La Libia non è un paese sicuro. Torna a sottolinearlo l’ONU nell’ultimo rapporto consegnato al Consiglio di sicurezza, che fornisce una panoramica della situazione umanitaria nel paese.
A partire dal 7 maggio, quando già il segretario generale Antonio Guterres aveva espresso in una precedente relazione una serie di dubbi sull’operato delle autorità libiche a danno di persone migranti e rifugiati, migliaia di donne, uomini e minori hanno continuato ad essere vittime di numerosi maltrattamenti. Nell’elenco dei colpevoli degli abusi, stavolta però, figurano anche funzionari statali, oltre a gruppi armati, contrabbandieri, trafficanti e bande criminali.
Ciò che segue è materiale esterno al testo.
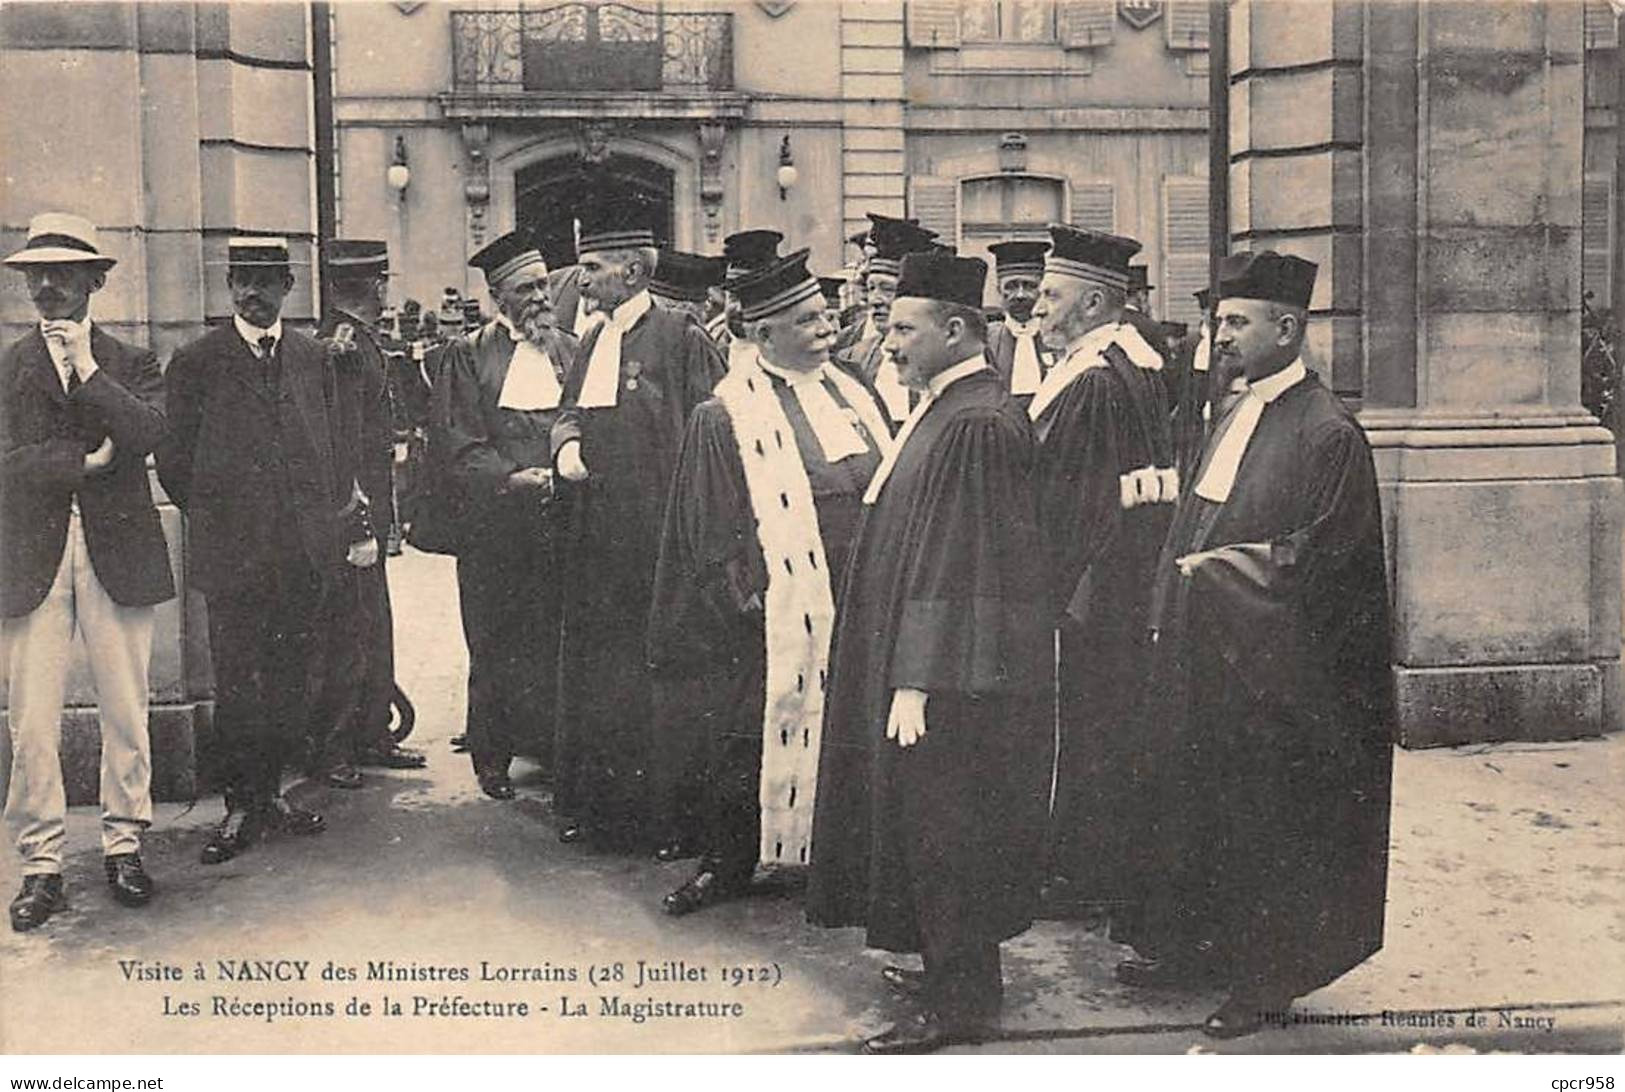 54 - NANCY-SAN37540 - Visite Des Ministres Lorrains - Les Réceptions De La Préfecture - 28 Juillet 1912 - Nancy

I migranti e gli stranieri presenti nel paese, infatti, sono sottoposti a ogni genere di tortura «compresa la violenza sessuale, il rapimento a scopo di riscatto, estorsioni, lavoro forzato e uccisioni illegali» – si legge nel rapporto. Il numero di persone sottoposte a questi trattamenti è cresciuto ed è destinato a crescere a causa dell’aumento delle intercettazioni in mare da parte della Guardia costiera libica e per effetto della chiusura delle rotte marittime ai migranti che di fatto impediscono la loro partenza.
La missione ONU a Tripoli (UNSMIL) ha raccolto la maggior parte di queste informazioni nel centro di detenzione di Zuara, nonostante le difficoltà e l’opposizione del governo libico, come dimostra quanto verificatosi lo scorso 16 maggio quando sono state negate le autorizzazioni alle Nazioni Unite che non hanno potuto «condurre visite di monitoraggio» nel centro.